2.3. The Fabrication of NH2-UIO-66 (Zr) Imprinted Polymers

NH2-UIO-66 (Zr)@MIP was fabricated according to a previous study, with slight modifications [15]. In the typical procedure, NH2-UIO-66 (Zr) (fluorescent probe, 50 mg) and OTC (template, 0.2 mmol) were completely dispersed in 30 mL of ethanol using ultrasonic treatment. Then, after the addition of MAA (monomer, 1.2 mmol), the mixture was pre-polymerized for 50 min under continuous stirring. Subsequently, EGDMA (cross-linking agent, 2 mmol) and AIBN (initiator, 20 mg) were successively introduced into the above synthesis system and stirred for 15 h in a water bath at 65 °C. Finally, the acquired polymer was centrifuged, eluted repeatedly via water/ethanol (v/v, 1/9) to expunge OTC and dried under vacuum at 50 °C for 7 h. Meanwhile, the non-imprinting polymer (NH2-UIO-66 (Zr)@NIP), as a contrast material, was prepared according to the above steps in addition to not adding OTC.

2.4. FL Sensing Procedure

In brief, 1 mg of NH2-UIO-66 (Zr)@MIP or NH2-UIO-66 (Zr)@NIP was scattered in 4 mL of PBS buffer solution (pH = 7) with various concentrations of OTC. After incubation for 30 min, the FL determination was performed under an excitation wavelength of 350 nm and the FL intensity of the sensing system at 455 nm was obtained. The specific recognition performance was appraised by adding other antibiotics with a similar structure or possible coexisting interfering substances instead of OTC under identical experimental conditions. The measurements of each experiment were carried out in triplicate.
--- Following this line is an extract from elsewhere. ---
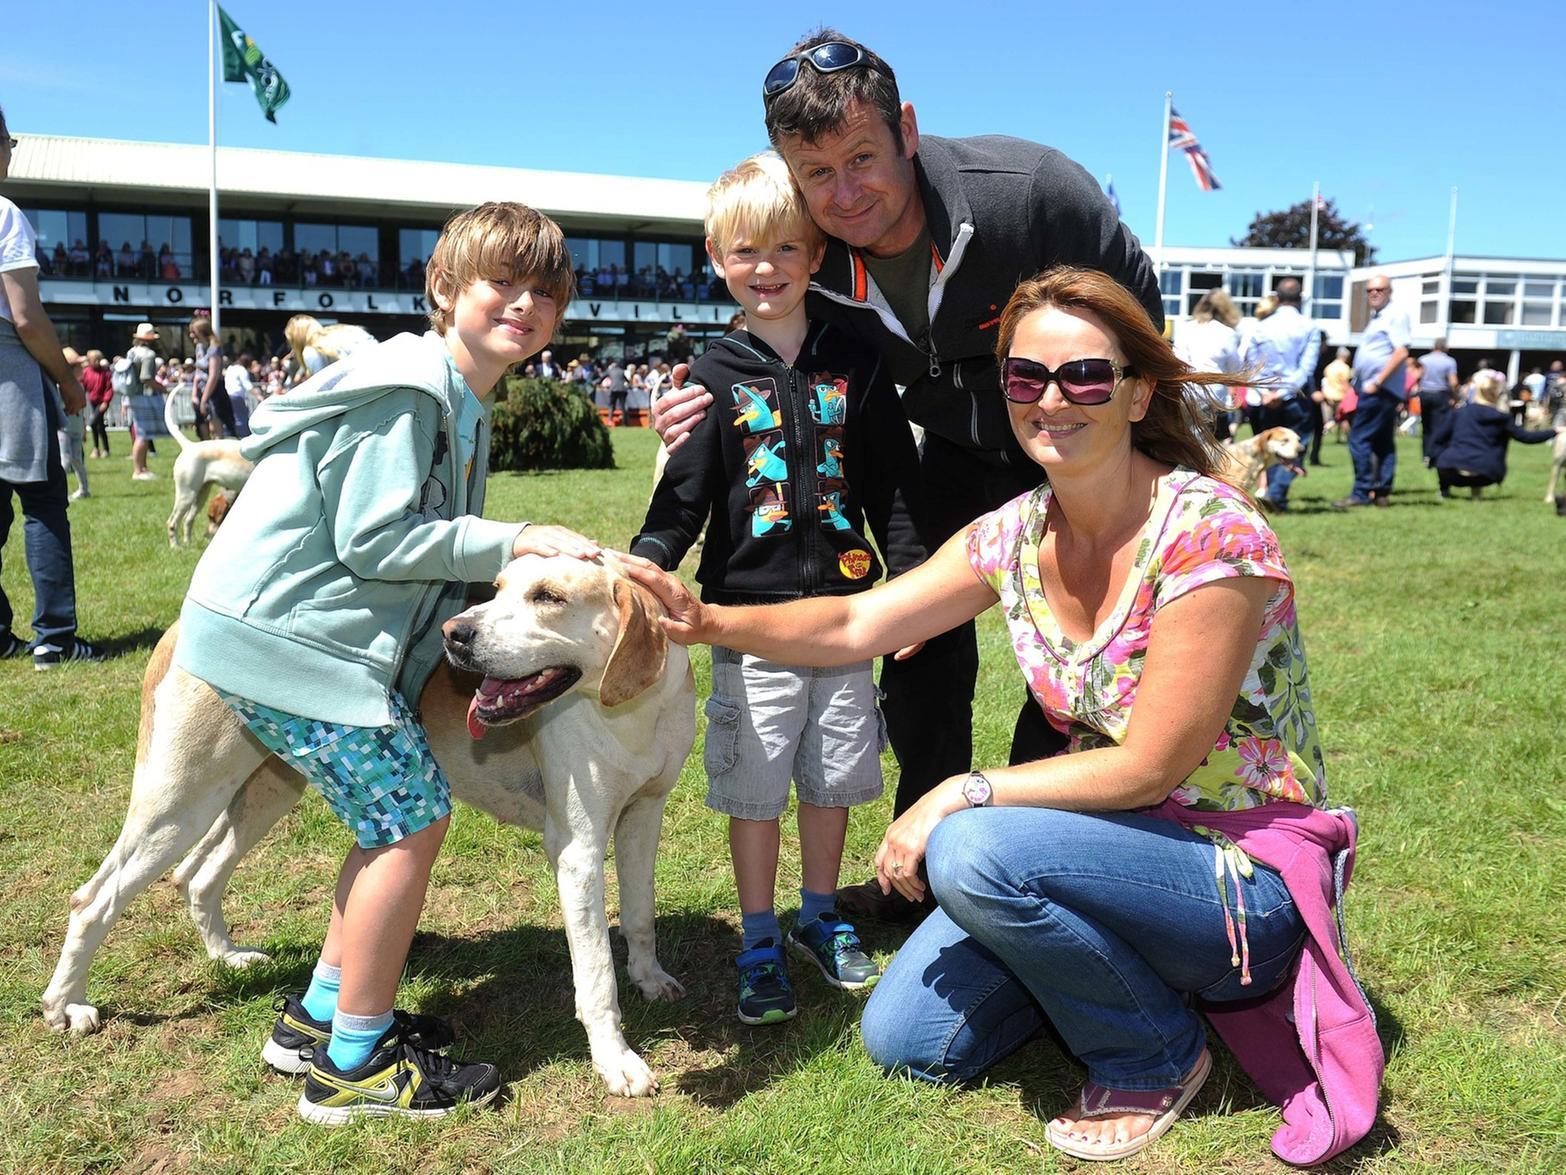 This year's South of England Agricultural Society Summer Show will take place from Thursday, June 11 to Saturday, June 13. Despite last year's bad weather, around 58,000 visitors attended the 53rd extravaganza.

The three-day show welcomed visitors of all ages and interests from across the south east and afar. The 50-acre showground hosted a jam-packed programme of entertainment and top quality agricultural, equestrian and craftsmanship competition with over 800 livestock entries, 1,700 show jumping and showing competitors, and 90 Young Artisan Competition entries, along with 5 jaw-dropping displays from the Bolddog Lings motorcycle stunt team, and one very special visit from the childrens picture book character The Gruffalo. All this on top of the shows epic shopping village featuring around 500 stands, a live music stage, Wine Walk, heritage zone, funfair and more.

2.5. Real Samples Analysis

Fresh pure milk bought from a local supermarket (labeled as Milk 1, Milk 2, and Milk 3, according to brand difference) was used to assess the practicability of the proposed FL method based on NH2-UIO-66 (Zr)@MIP, by spiking the proper concentration of OTC. Three parallel experiments were conducted on the milk samples of each concentration.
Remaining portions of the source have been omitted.